TASK GOAL »
Print all of the data exactly, but drop the pictures.

DATASET CONTENT »
-------------------------
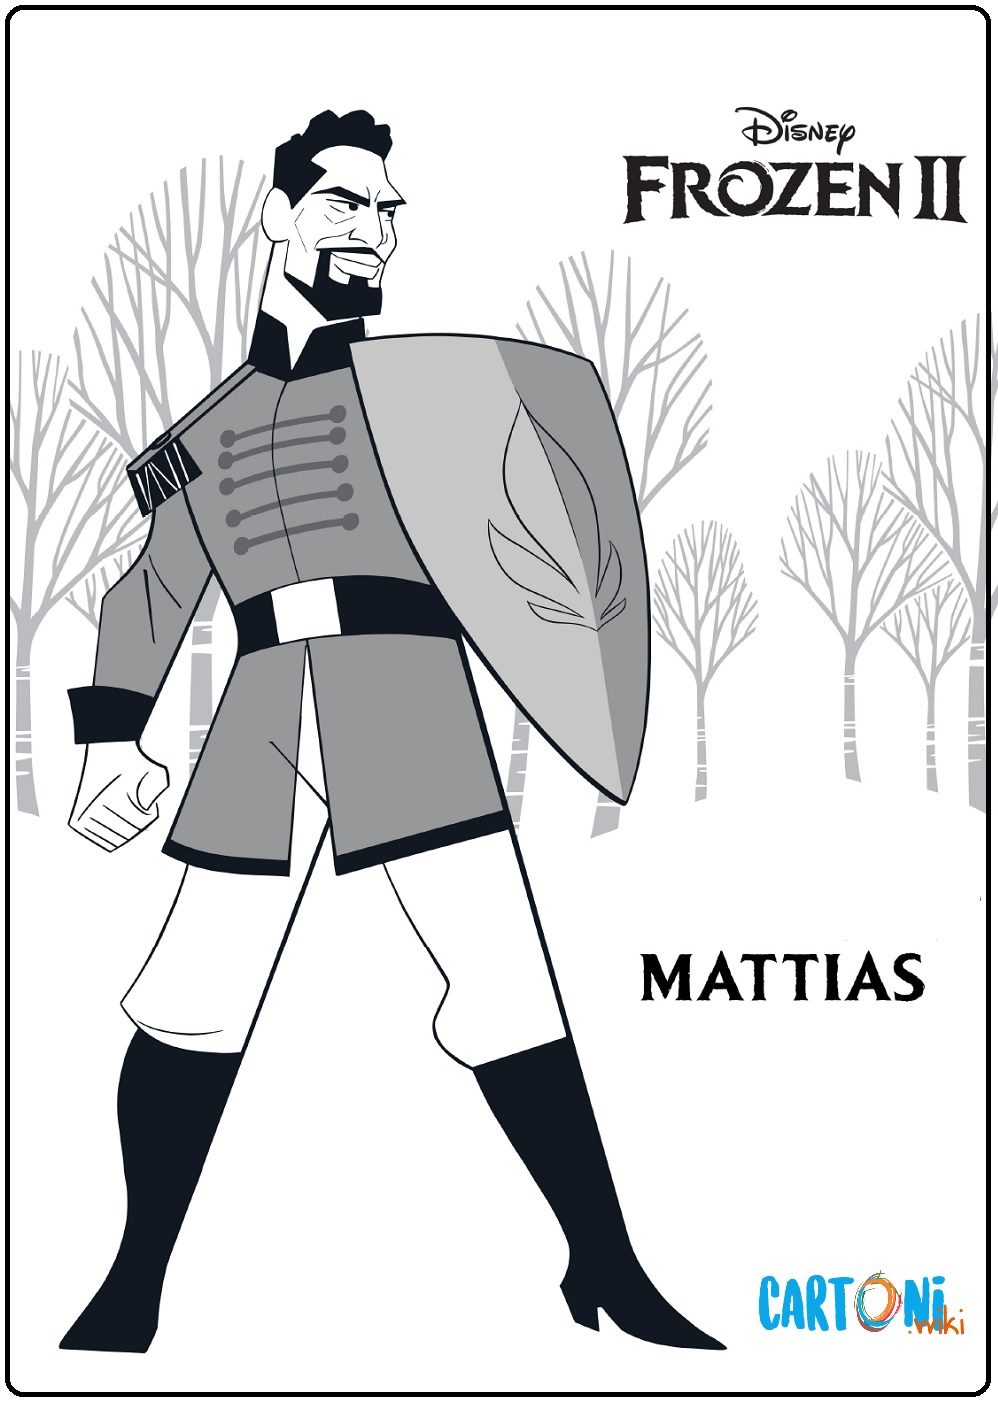 Tenente Mattias Frozen 2
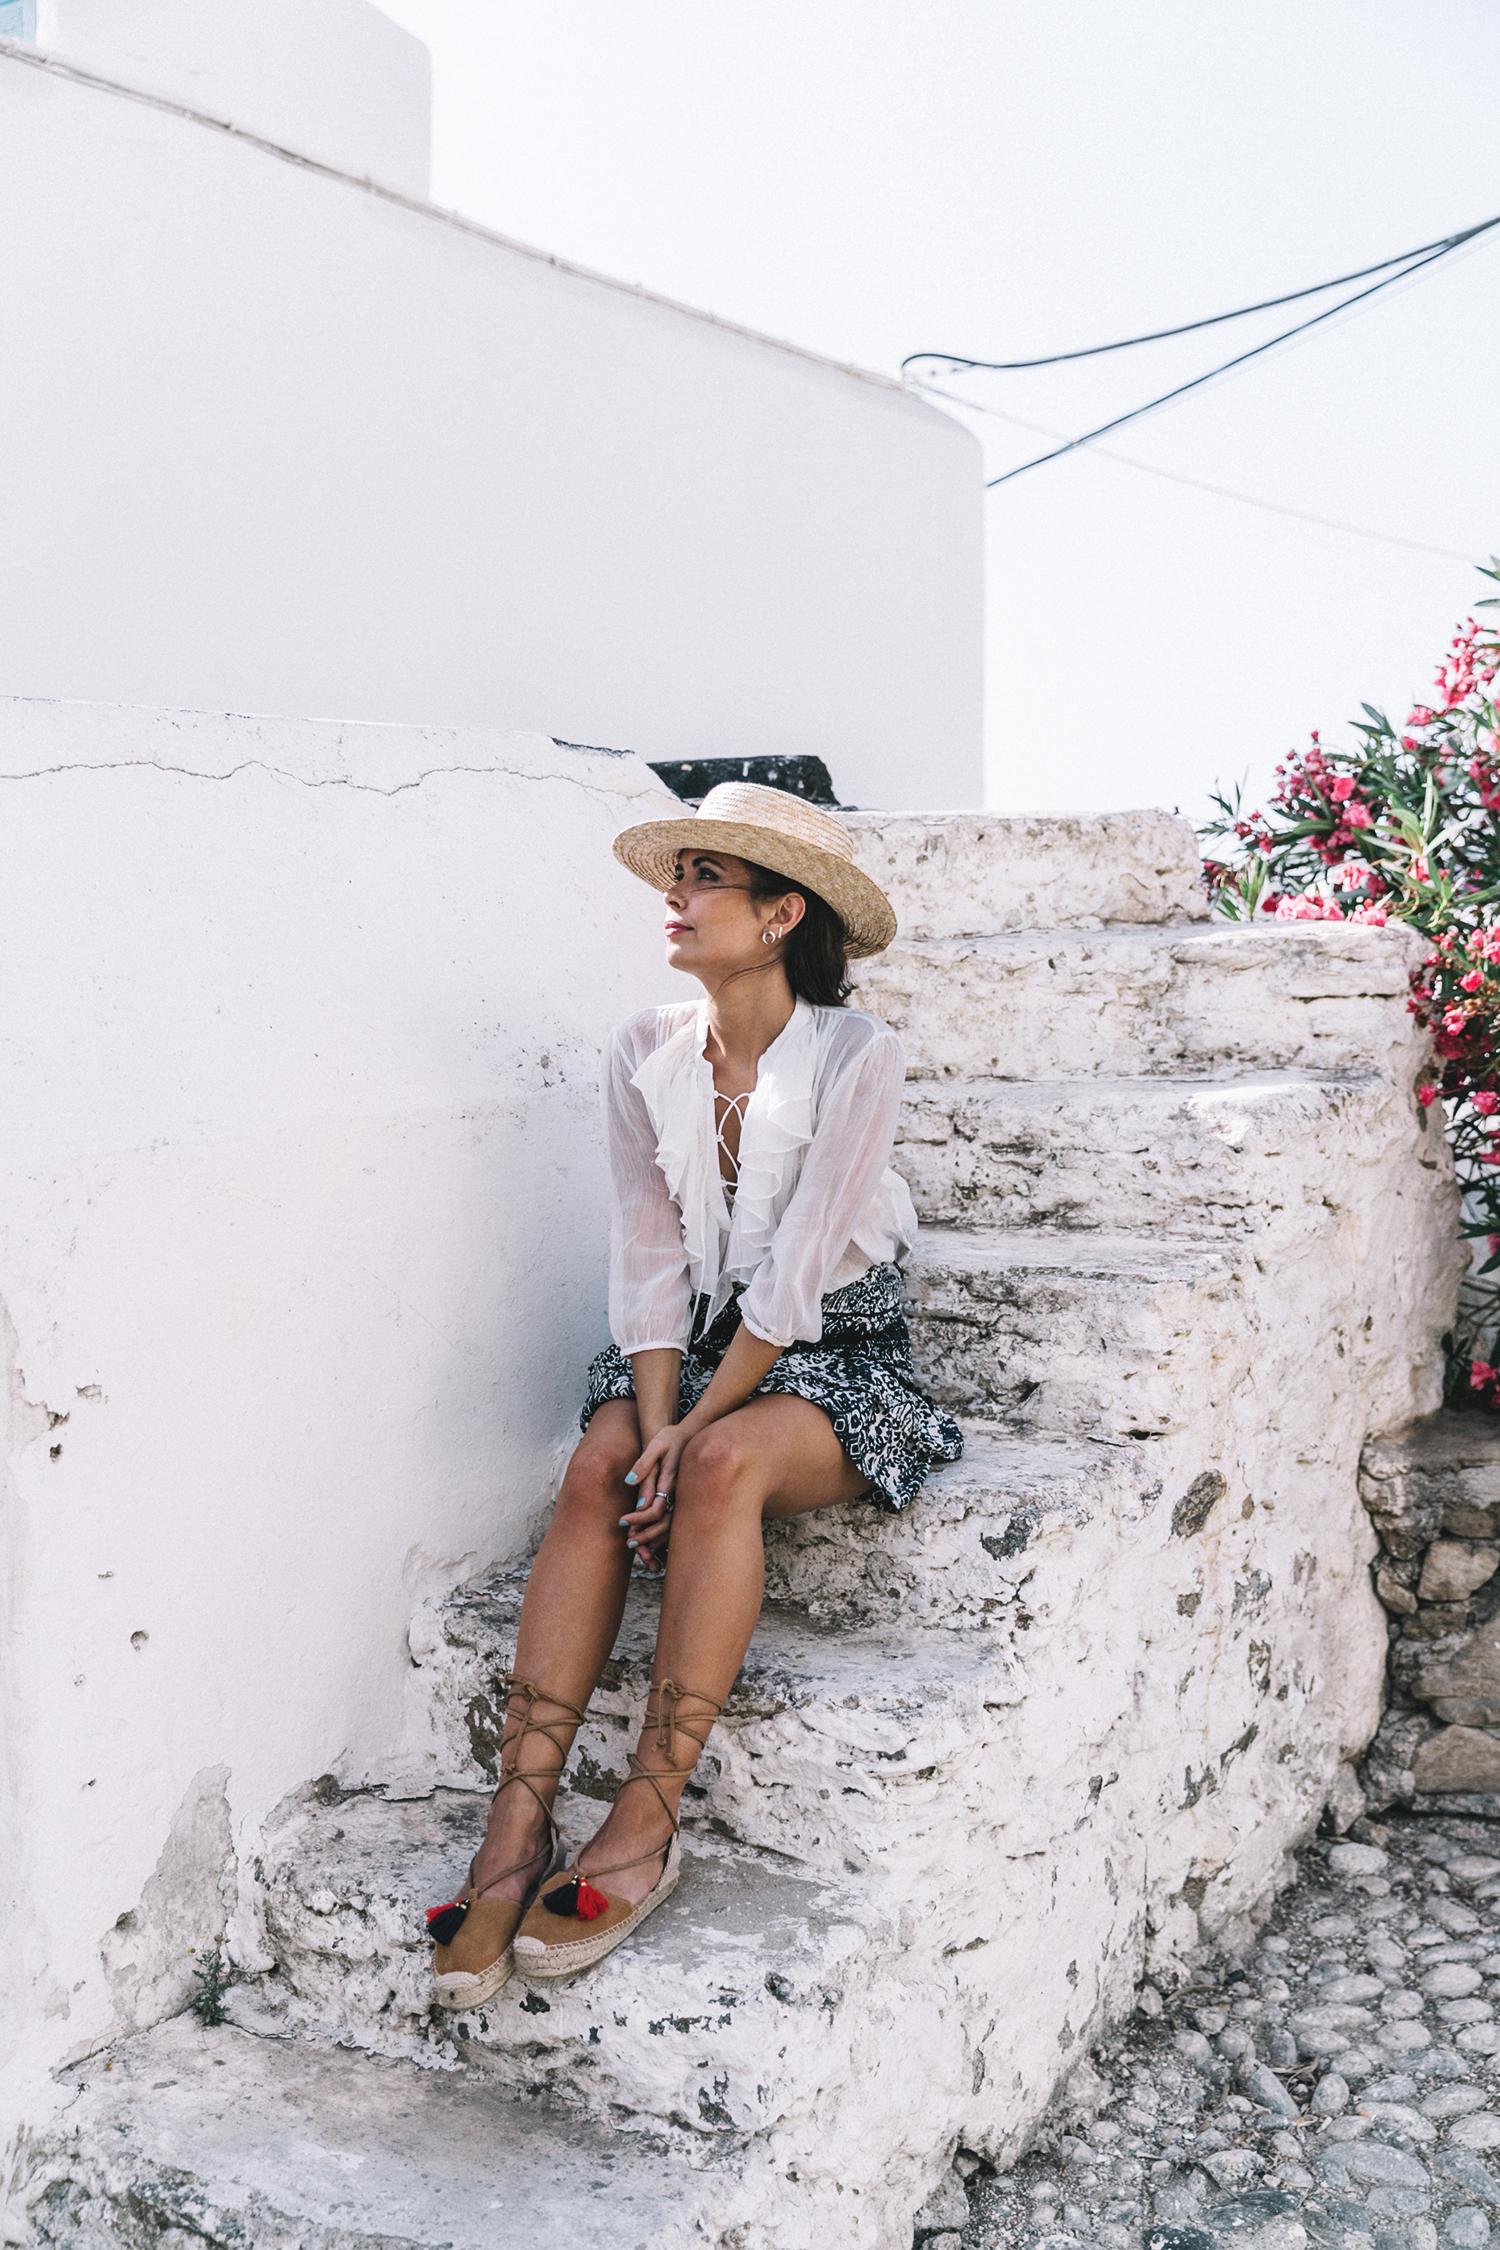 Lace_up_Blouse-Ralph_Lauren-Soludos_Espadrilles-Soludos_Escapes-Skirt-Straw_Hat-Canotier-Lack_Of_Color-Street_Style-Mykonos-Greece-Collage_Vintage-2
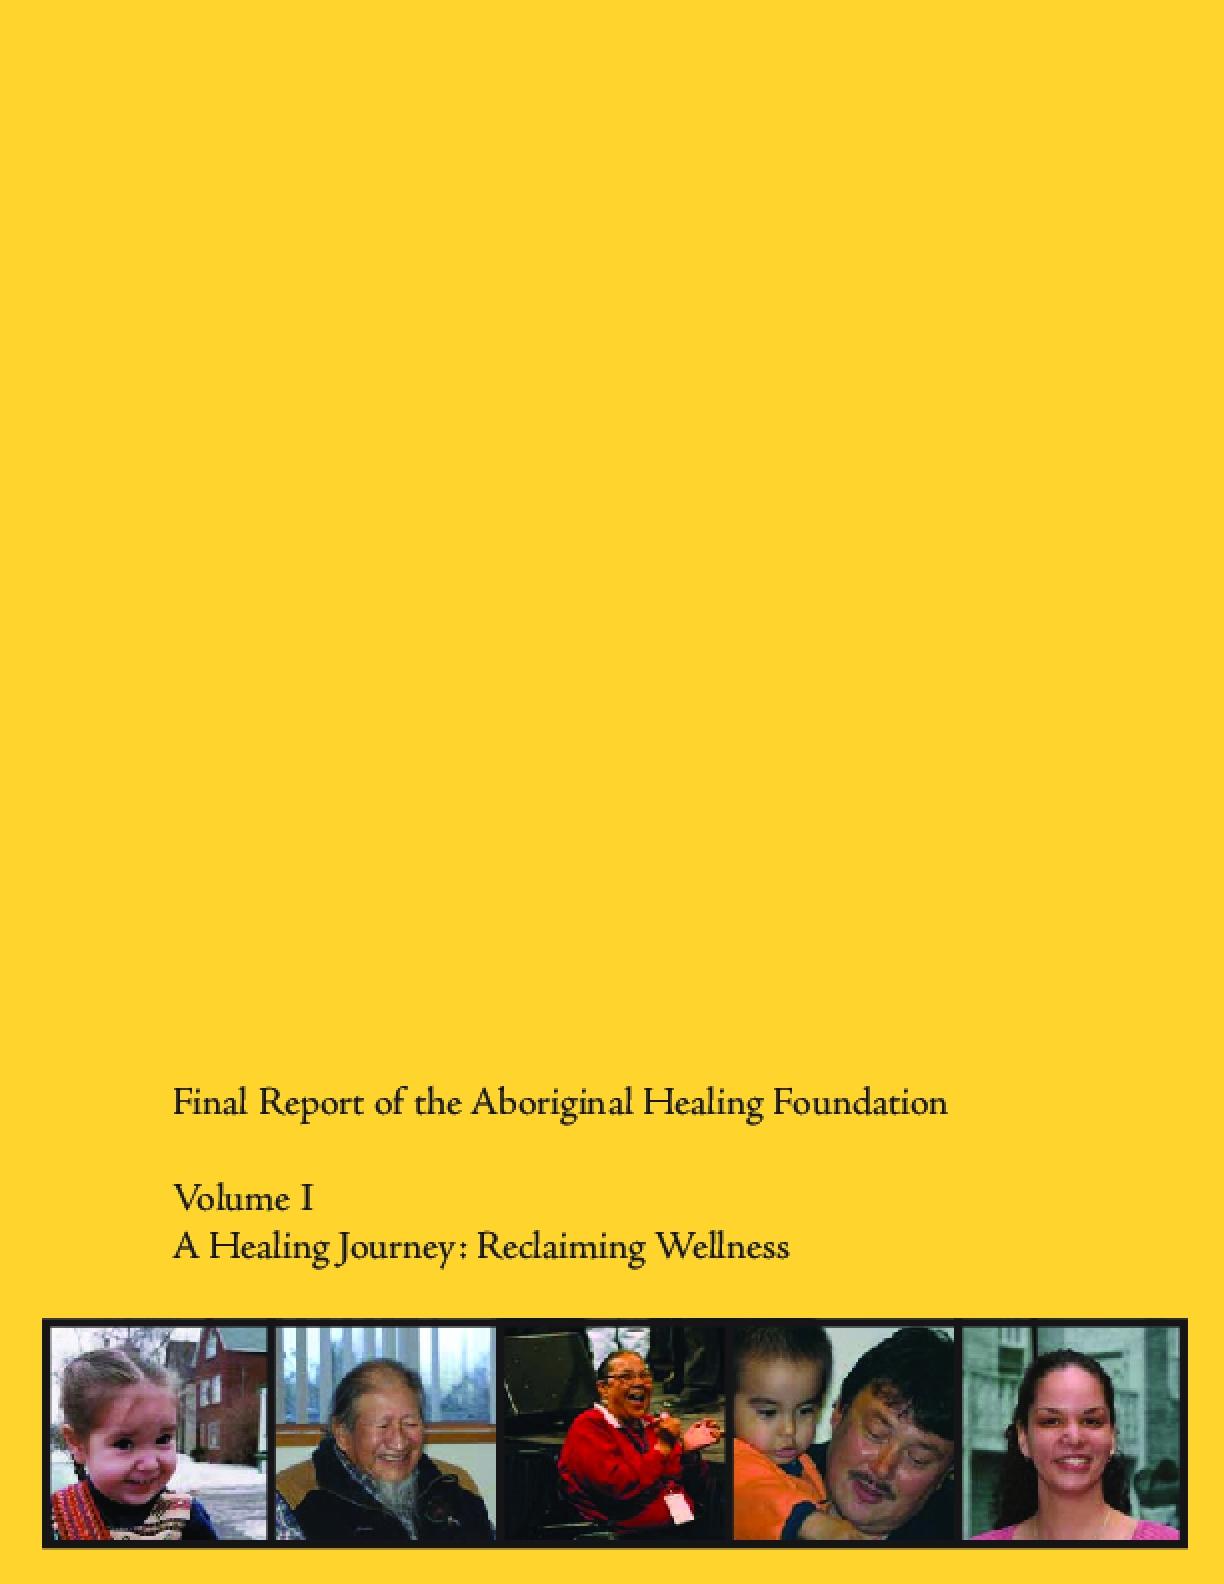 Final Report of the Aboriginal Healing Foundation Volume I - A Healing Journey: Reclaiming Wellness
-------------------------
THE ANSWER »
 Tenente Mattias Frozen 2
 Lace_up_Blouse-Ralph_Lauren-Soludos_Espadrilles-Soludos_Escapes-Skirt-Straw_Hat-Canotier-Lack_Of_Color-Street_Style-Mykonos-Greece-Collage_Vintage-2
 Final Report of the Aboriginal Healing Foundation Volume I - A Healing Journey: Reclaiming Wellness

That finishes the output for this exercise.